> **Data shown**:
* * *
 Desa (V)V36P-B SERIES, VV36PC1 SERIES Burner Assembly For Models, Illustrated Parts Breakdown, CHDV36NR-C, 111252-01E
* * *
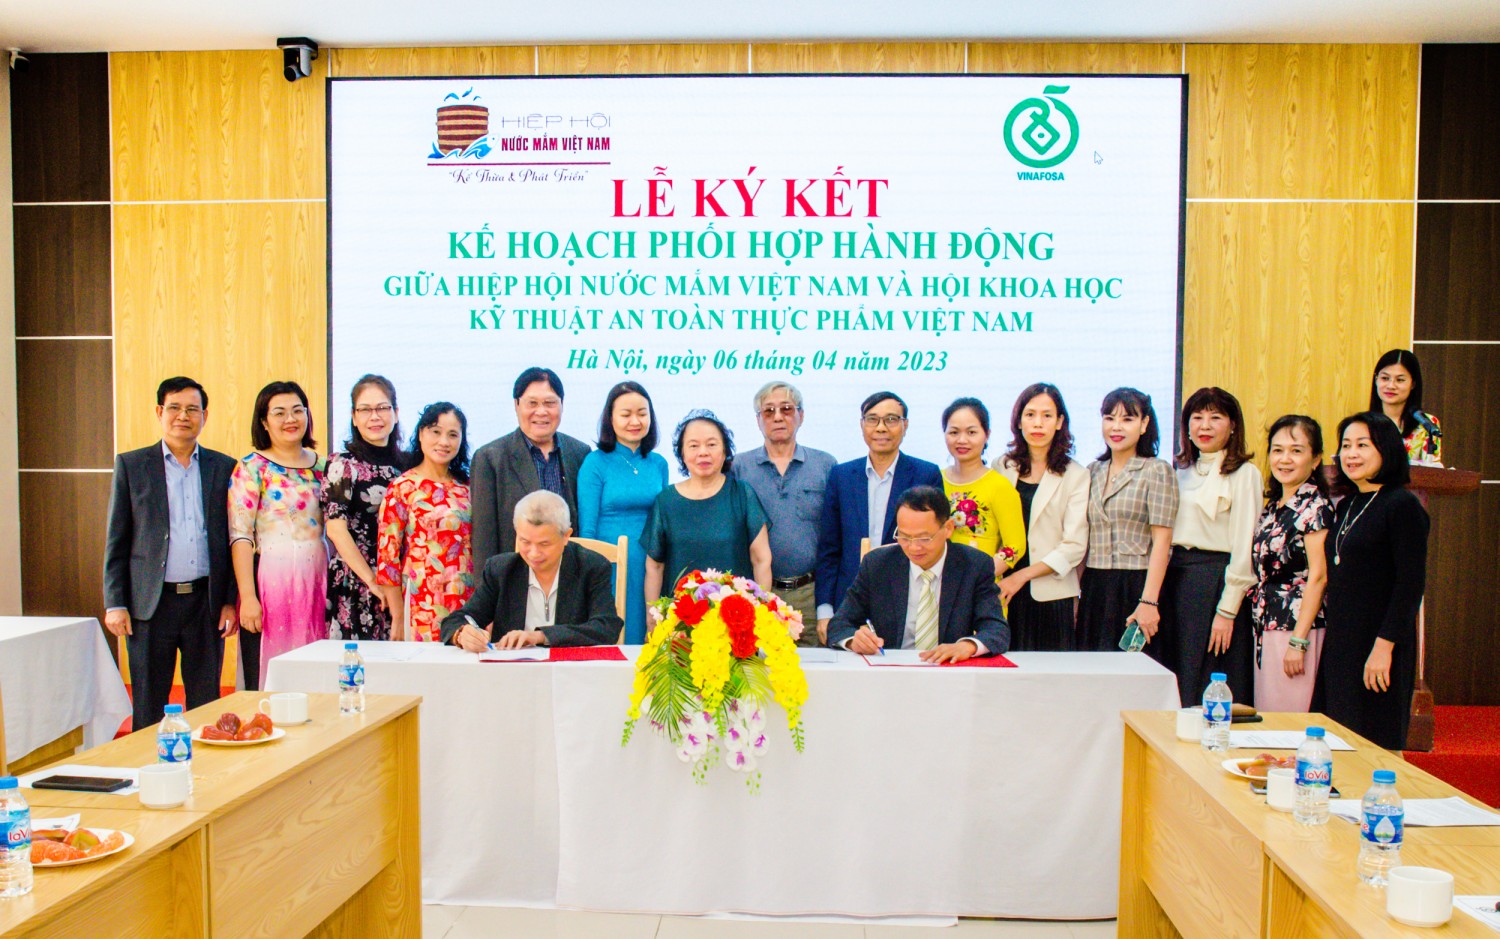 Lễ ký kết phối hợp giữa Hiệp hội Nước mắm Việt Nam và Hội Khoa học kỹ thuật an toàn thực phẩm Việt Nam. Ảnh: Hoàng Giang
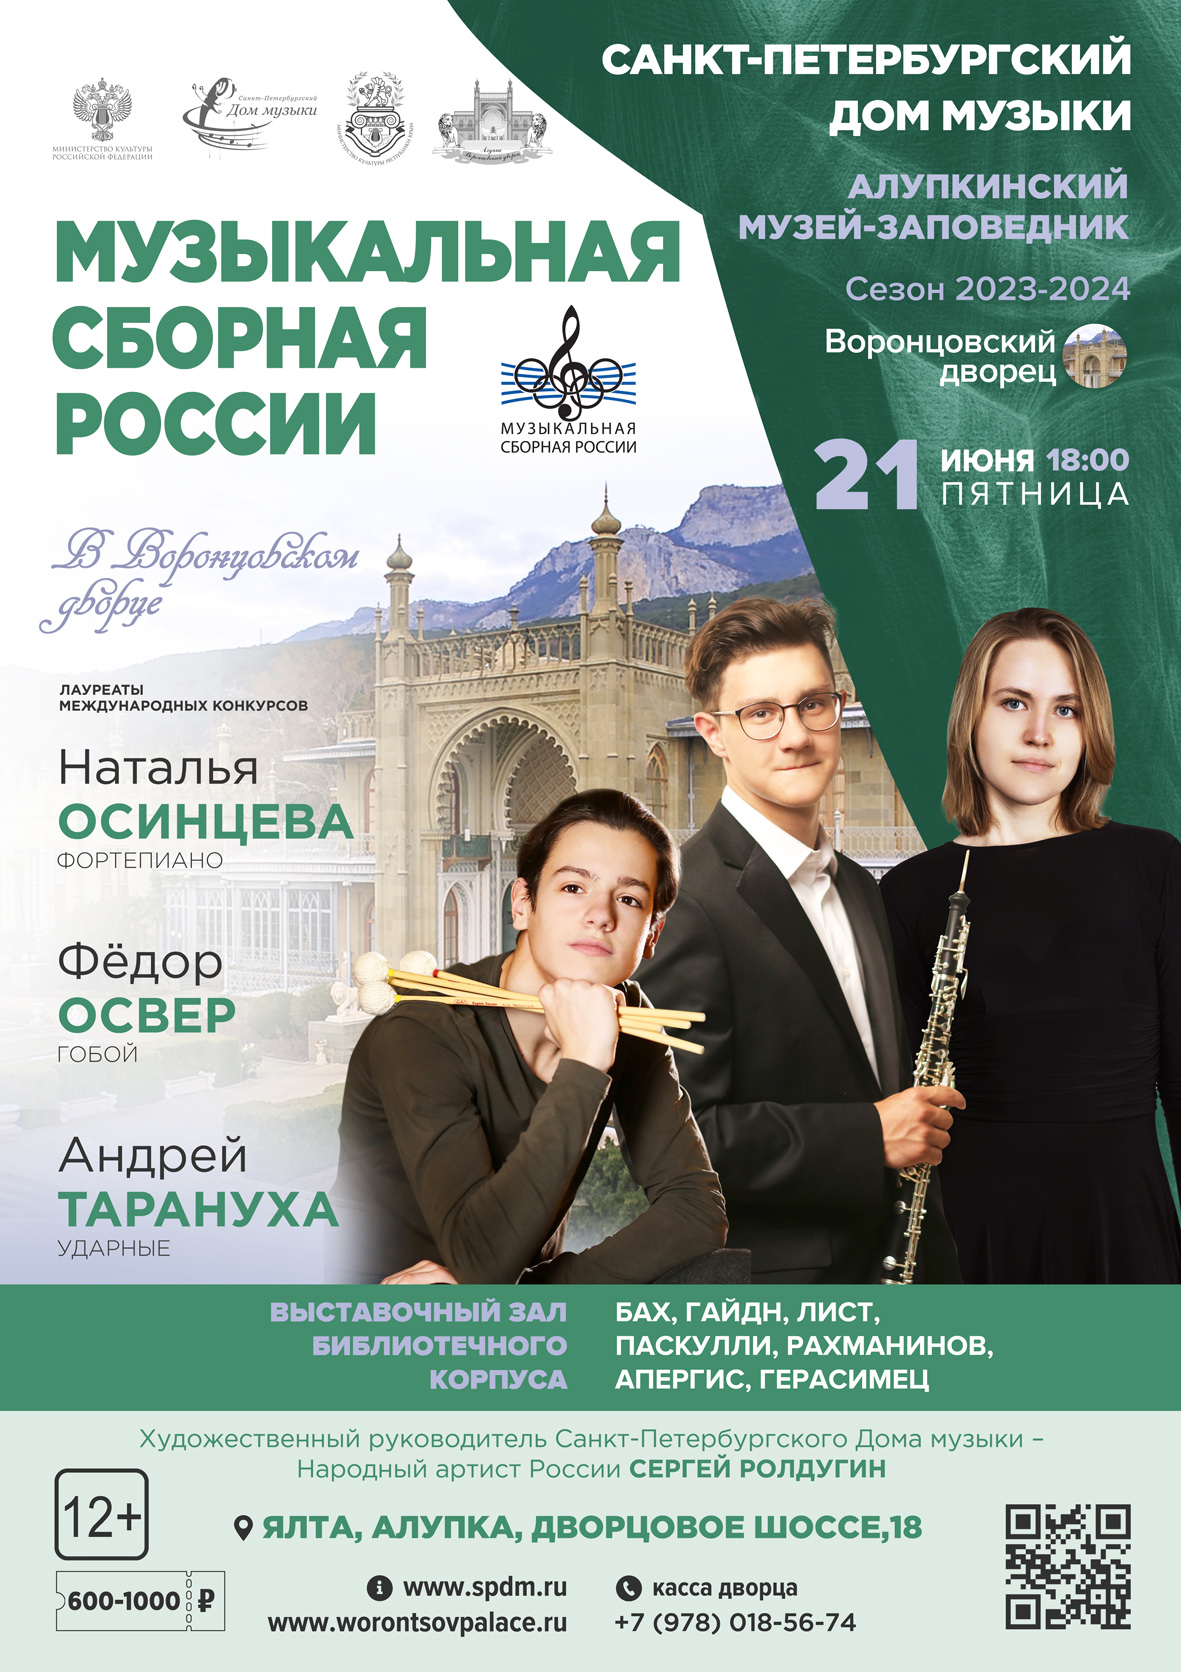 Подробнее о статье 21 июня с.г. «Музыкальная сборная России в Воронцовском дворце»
* * *
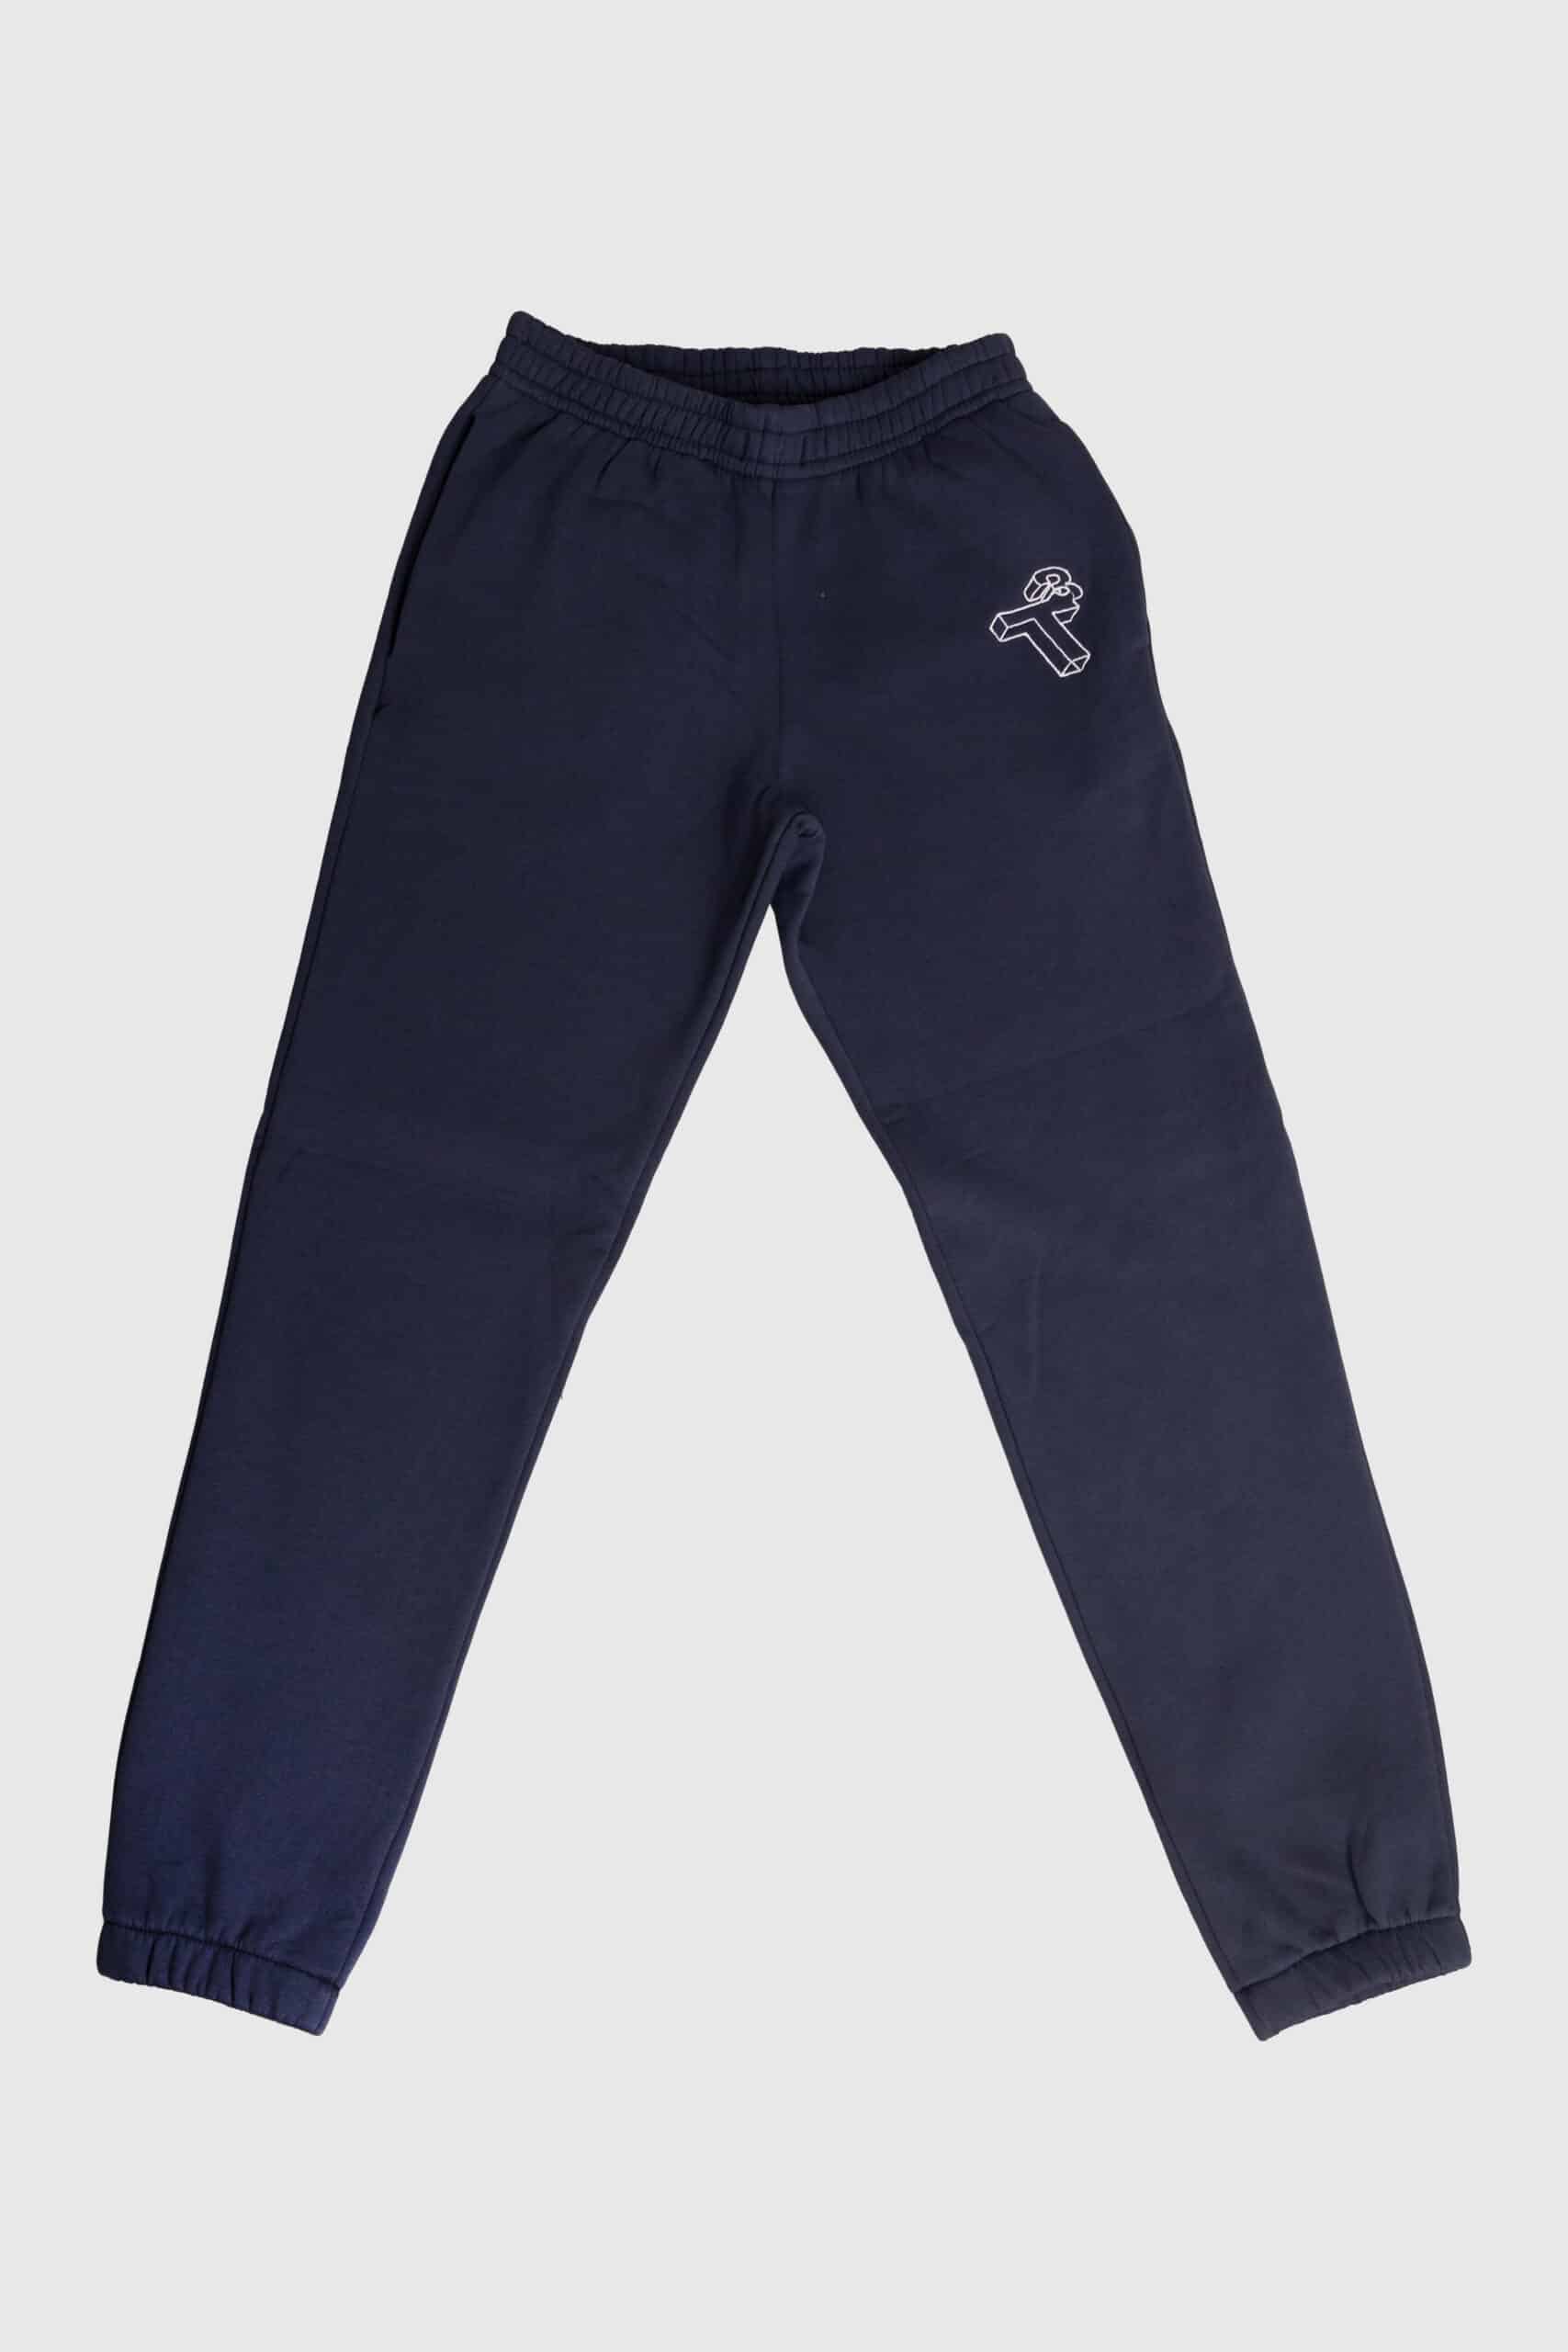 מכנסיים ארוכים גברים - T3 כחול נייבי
* * *
> **What this task involves**:
Those lines of the records above that run from the one containing "Lễ ký kết phối" through the one containing "Подробнее о статье" should be returned exactly, with no pictures among them.

> **Response to the task**:
 Lễ ký kết phối hợp giữa Hiệp hội Nước mắm Việt Nam và Hội Khoa học kỹ thuật an toàn thực phẩm Việt Nam. Ảnh: Hoàng Giang
 Подробнее о статье 21 июня с.г. «Музыкальная сборная России в Воронцовском дворце»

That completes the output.